Since the 1980s, Michael Hunter has visited the subject of early modern atheism in Great Britain on numerous occasions, investigating the existence of atheism before the Civil Wars as both a negative, hostile discourse (which is easier to find) and as a serious view with real adherents (which requires rather more detective work). The volume is the capstone of four decades of thoughtful research on the problem, with fresh archival evidence to bear on the discussion and points of methodological interest for the historiography of atheism in general.
The first half of Atheists and Atheism before the Enlightenment examines general discourses of atheism, starting with an influential 1985 article in which Hunter examines the negative, early modern discourse of “atheism” up to 1640 and contends that the stock atheist figure in anti-atheistic literature was a “mixture of real and exaggerated phenomena” (chapter 2, 56). We move next to a new chapter that serves as a response to Alec Ryrie's recent book Unbelievers: An Emotional History of Doubt (2019).
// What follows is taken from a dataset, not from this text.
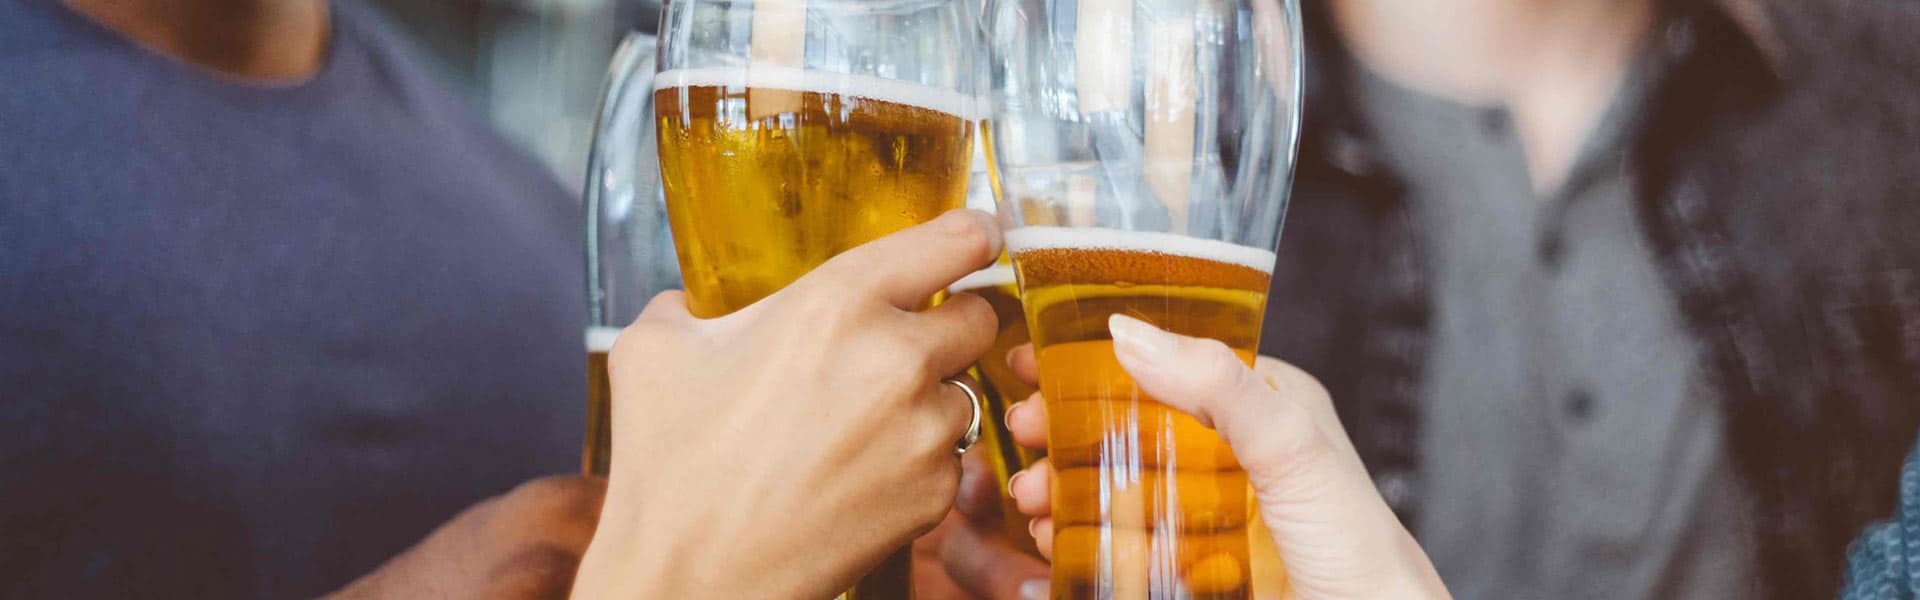 Craft Beer Drinkers Get a Taste of Industry 4.0 Intelligence

In an essentially methodological chapter, Hunter argues that Ryrie risks synthesizing too many disparate phenomena, and makes a point that religious people who entertained doubts in private should not be too readily conflated with non-religious people who openly denied the teachings of religion and persuaded others of its error (the case studies later in the volume tend to reinforce this distinction). After this, Hunter moves on to discourses of atheism in Great Britain in the Restoration period, which again evince a fluid association between atheism and immorality (chapter 4). Hunter's command of the textual sources is wide and gives a rounded impression of the fears that surrounded atheism in the period, but throughout he is doubtful that we are facing a bottomless discourse of pure representation. Rather, the personality and beliefs of the stock atheist have a solid plausibility to them which tends to suggest there was a complicated interplay between fact and fiction, a “symbiotic relationship.”
The second half of the volume turns to individual atheists in the period. Hunter believes in the utility of case studies to illuminate the nature of early modern atheism, which is salutary given that avowed, pre-modern atheists are rare and require careful investigation. Individual chapters are devoted to the Scottish atheist Thomas Aikenhead (chapter 5) and the 1739 expulsion of a Cambridge student named Tinkler Ducket, whose conversations and letters provoked charges of atheism and immorality (chapter 8). The indictment against Aikenhead reports that he was an anti-Christian who openly dismissed theology as “faigned and ill-invented nonsense” (97), and that he predicted Christianity would expire by the year 1800. As an alternative to revelation, Aikenhead affirmed the eternity of the world and saw nature as a self-existent being; and for openly promoting these ideas he was hanged at the age of twenty in 1697. The libertine Tinkler Ducket, by contrast, was not—indeed Hunter suggests Ducket's comparatively light punishment exemplified a complacency toward unbelief that likely facilitated its growth in the eighteenth century (185–6)—but he still faced outrage when his claims were publicly known that he had once “arriv'd at the Top” in his “Progress in Atheism,” and that the institution of marriage was “Priestcraft” (162, 164). He quietly assumed the role of a diplomat thereafter, and would never return to academic life.
Hunter's most compelling find, however, is the atheistic and naturalistic work Pitcairneana, which he discovered as a manuscript lurking in a Harvard library and subsequently published in the Historical Journal in 2016. The text is presented as the work of Scottish physician Archibald Pitcairne (1652–1713) and was supposedly recovered from his study after his death. The familiar dialogue scheme involves a disagreement between a theist (“Credulous”) and an atheist (“Incredulous”) over the existence of God, but the discussion innovates remarkably from previous literary efforts by presenting the atheist as the ultimate victor. In a series of short arguments summarized at the end as terse “Axioms,” Incredulous rejects the infinity and incorporeal nature of God as self-contradictory, making his existence a priori absurd; he instead affirms the eternity of the world, denying the logic of creatio ex nihilo. The introduction and text alone (chapters 6, 7) make for essential reading, and even if the authorial attribution is unsound (which is possible, though not compelling) the text remains a remarkable specimen of pre-Darwinian atheism.
Students of the history of atheism, regardless of their allocated time and place, will benefit from this careful and detailed study. In the raft of details, we are given a plausible picture of an atheist in the early modern period, offering in fragments a kind of “anthropology at a distance” where atheism is not a sterile set of propositions but a life lived in history. We learn how an early modern atheist could be educated in an orthodox curriculum (Thomas Aitkenhead was skilled in scholastic disputation at Edinburgh [116–7]), where an atheist could talk about scriptural inadequacies with cosmopolitan company (Pitcairne haunted an Edinburgh wine shop [129]), and what an atheistic library in the period might look like (Pitcairne's personal collection conspicuously favored heterodox books [132]). Hunter shows an investigation into historical atheism requires time and careful induction, and the results here are rewarding. There are very few print errors overall (e.g., Φɛολογια ‘Σκλɛκτικη [74] should read Θɛολογία Ἐκλɛκτική).